Но Ивану расписал все откровенно грубо, пахабно, как и жил:
«Перехожу к своей частной жизни. Моя поездка в Крымскую Ланицу… Кучер попался по мне. Мы с ним незаметно осушили две бутылки водки. Анна была не в духе, лошадь пердела, а возница посвистывал. Стало быть, все было хорошо.
В 8 вечера я уже пьян и сплю, а в пять часов утра болтаюсь с корзиной по базару. Пью так здорово, что даже самому совестно. Из жердей я сделал с большими усилиями самую уродливую в мире кровать для Анны и еще более уродливое стуло. Стуло сломалось в тот же день, но кровать крепка, и Анна дрыхнет на ней вовсю носовую завертку. Я распорядился, чтобы в сортире только срали, а мочиться рекомендую на свежем воздухе.
Вместо двух девчонок я нанял прислугу, но такую, что ей-же-ей я когда-нибудь ночью ошибусь и вместо Анны залезу на нее».
Прошло четыре месяца и Александр написал сестре:
«Скоро я стану папенькой в третий раз.
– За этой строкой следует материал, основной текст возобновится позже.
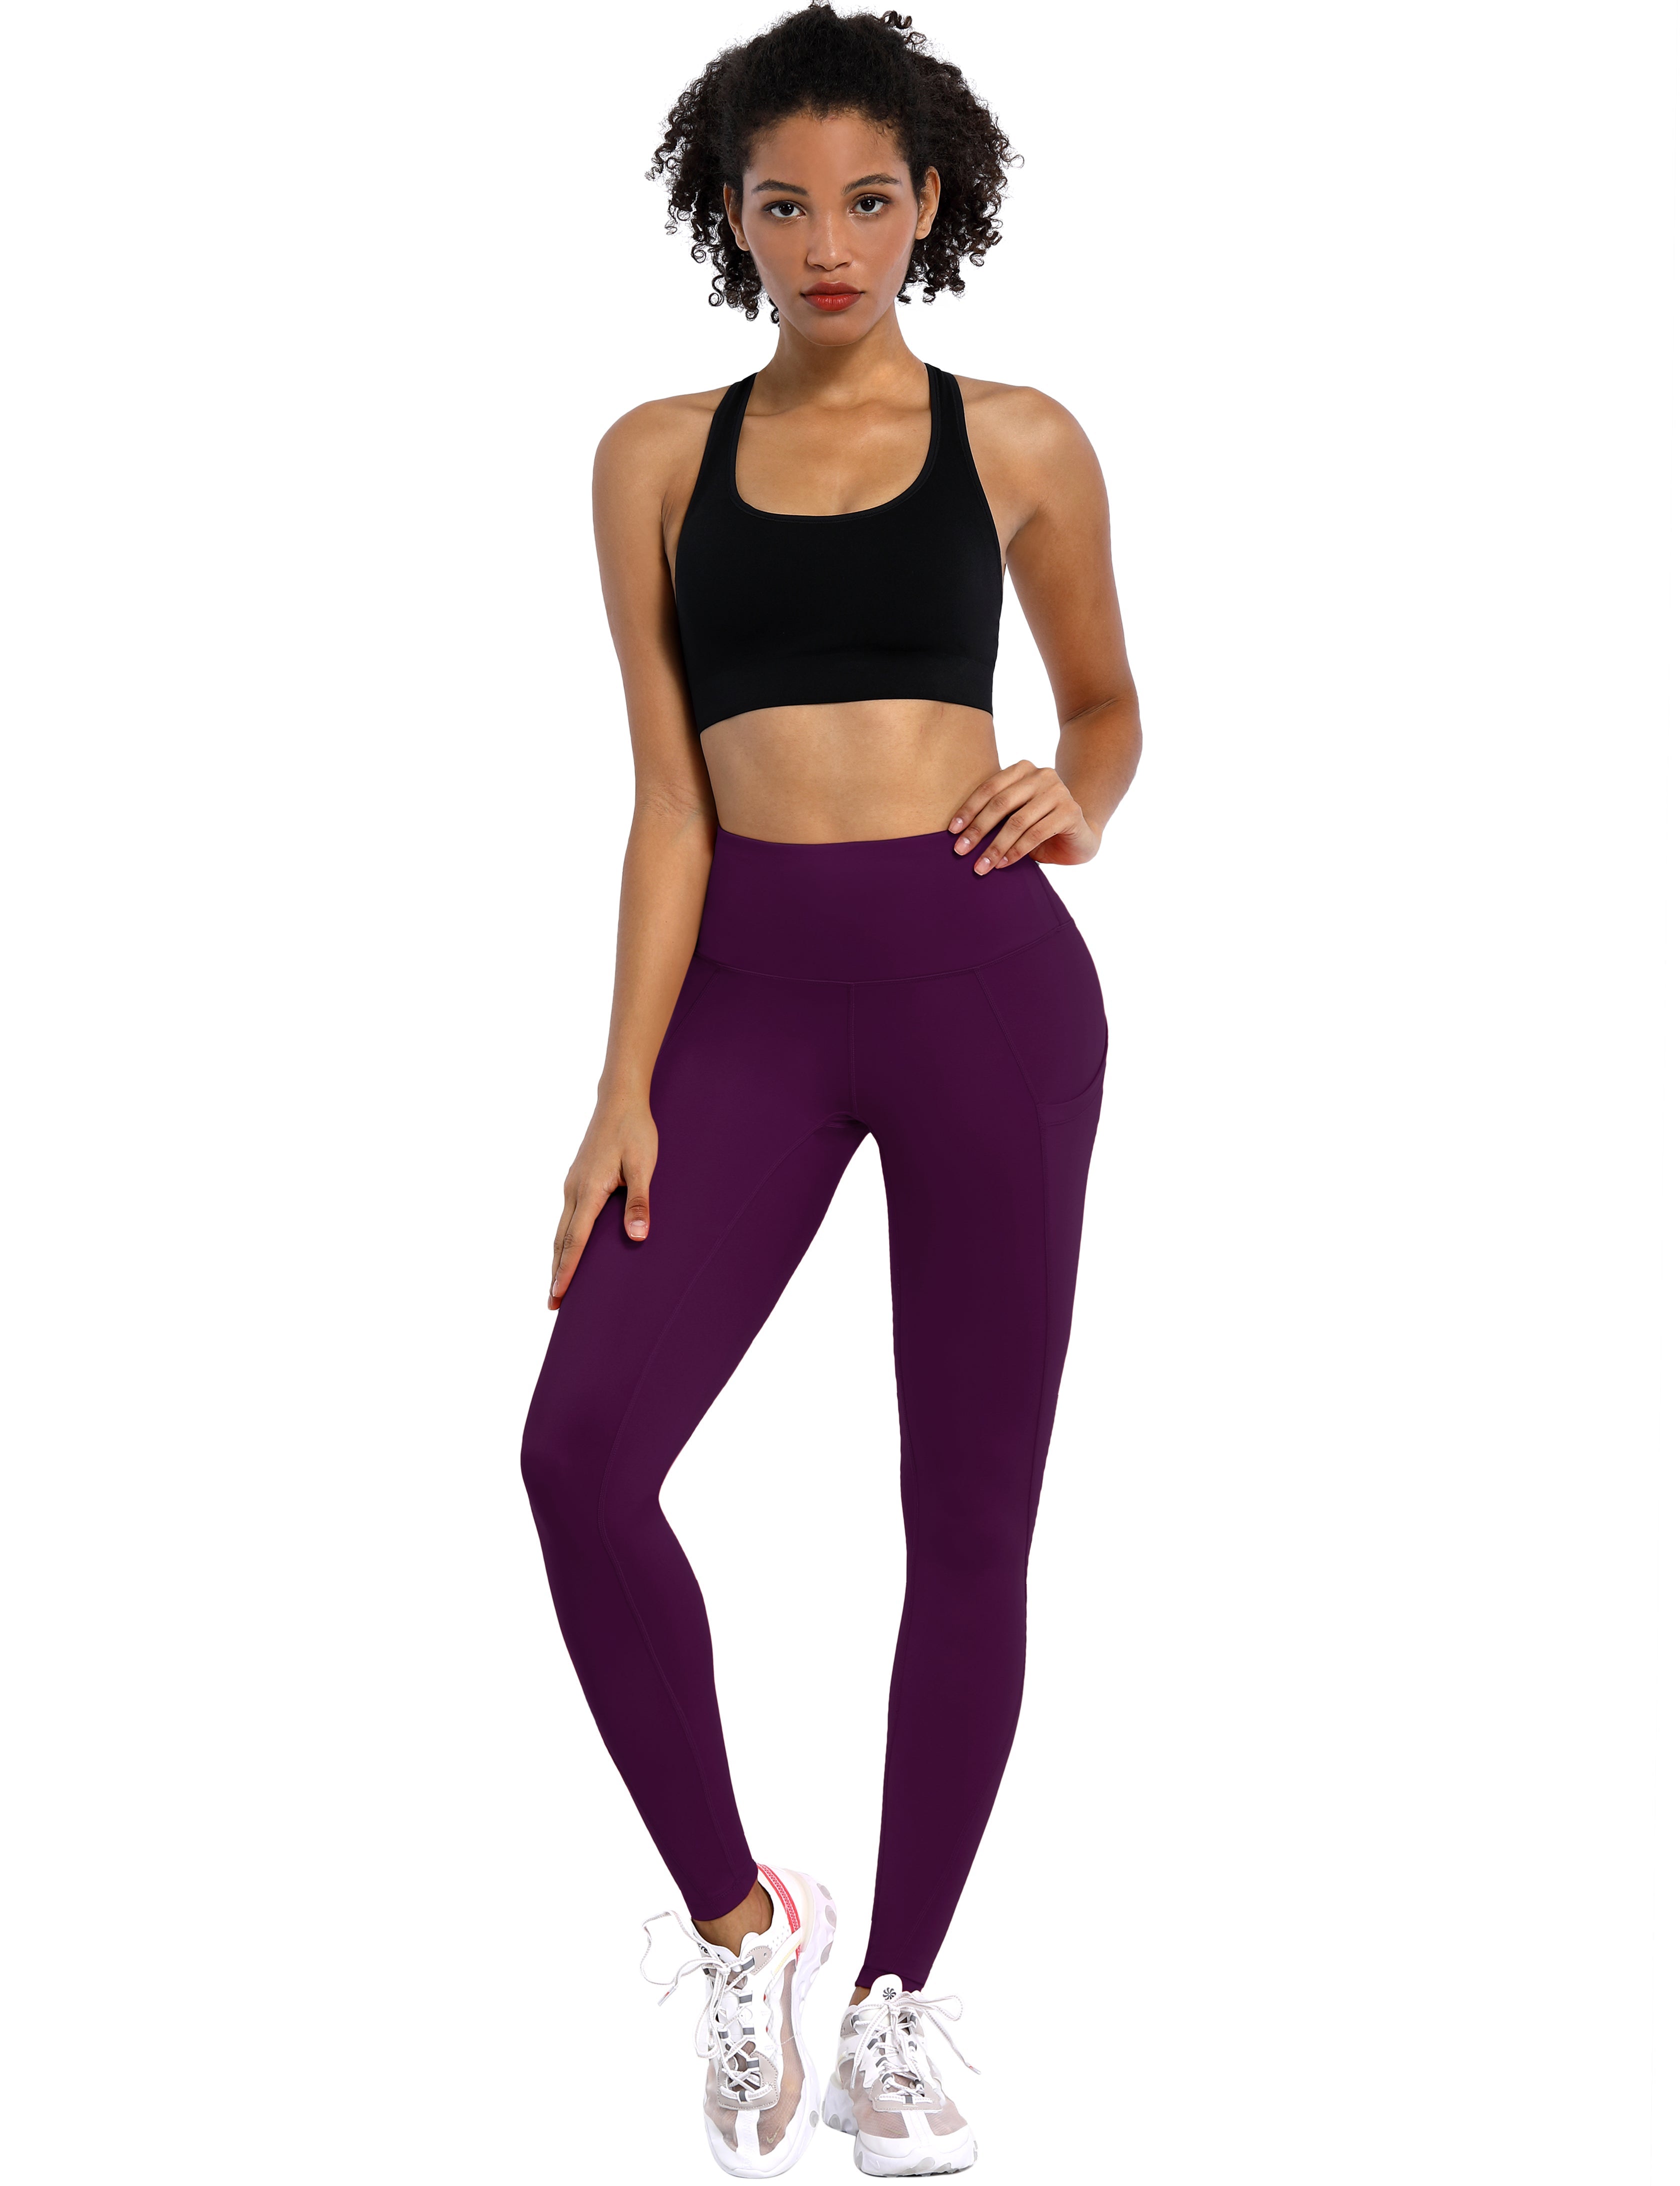 High Waist Side Pockets Pilates Pants plum 75% Nylon, 25% Spandex Fabric doesn't attract lint easily 4-way stretch No see-through Moisture-wicking Tummy control Inner pocket

Жду на рождество и уже приготовил себе веревочку, чтобы повеситься. Мыло для смазки тоже готово. Я никуда не хожу, ни у кого не бываю, потому что незаконно женат, выслушиваю намеки, остротки и всякую всячину… Но зажить другою жизнью, где бы тебя не пилили день и ночь, где бы не досаждали старческим кашлем и рваными чулками с сквозящими грязными пальцами – ах, как бы я хотел!… А делать нечего. Залез в кузов, назвавшись груздем, так сиди и нишкни!».
Второй сын родился 7 января 1886 года, о чем и оповестил «счастливый» отец брата Антона:
«Сегодня у меня родился сын, второй по счету и третий по беззаконности, и нарек я ему имя Антон в честь твоего бытия в сем мире, и намерен записать тебя же крестным отцом в метрической книге. Не обидься за то, что его произвел на свет я, а фамилию дашь ему ты».
Антон ответил:
«За наречение сына твоего Антонием посылаю тебе презрительную улыбку. Какая смелость! Ты бы еще назвал его Шекспиром! Ведь на этом свете есть только два Антона: я и Рубинштейн. Других я не признаю… Кстати: что если со временем твой Антон Чехов, учинив буйство в трактире, будет пропечатан в газетах? Не пострадает ли от этого мое реноме?».
А молодой отец продолжал без удержу пить: крики и писк детей, тазы, пеленки, ругань с женой и прислугой были невыносимы, вдобавок рвали душу письма Антона:
«У меня теперь отдельный кабинет, а в кабинете камин, около которого часто сидят Маша и ее Эфрос, Нелли и баронесса, девицы Яновы и проч.У нас полон дом консерваторов – музицирующих, козлогласующих и ухаживающих за Марьей»34.
Александр страдал и всё посылал в Петербург прошения о переводе в Москву, а Антону – бесконечные жалобы и мольбы:
«Я весь в долгу. Не знаю, как извернусь. Тащат со всех сторон: три прислуги. Орава моя состоит из 8 душ. Просто хоть умирай. В пору повеситься. И вся эта сволочь требует, недовольна и выстраивает гадости. Похлопочи… Вывози! Меня жгут, режут, топчут и пняют?»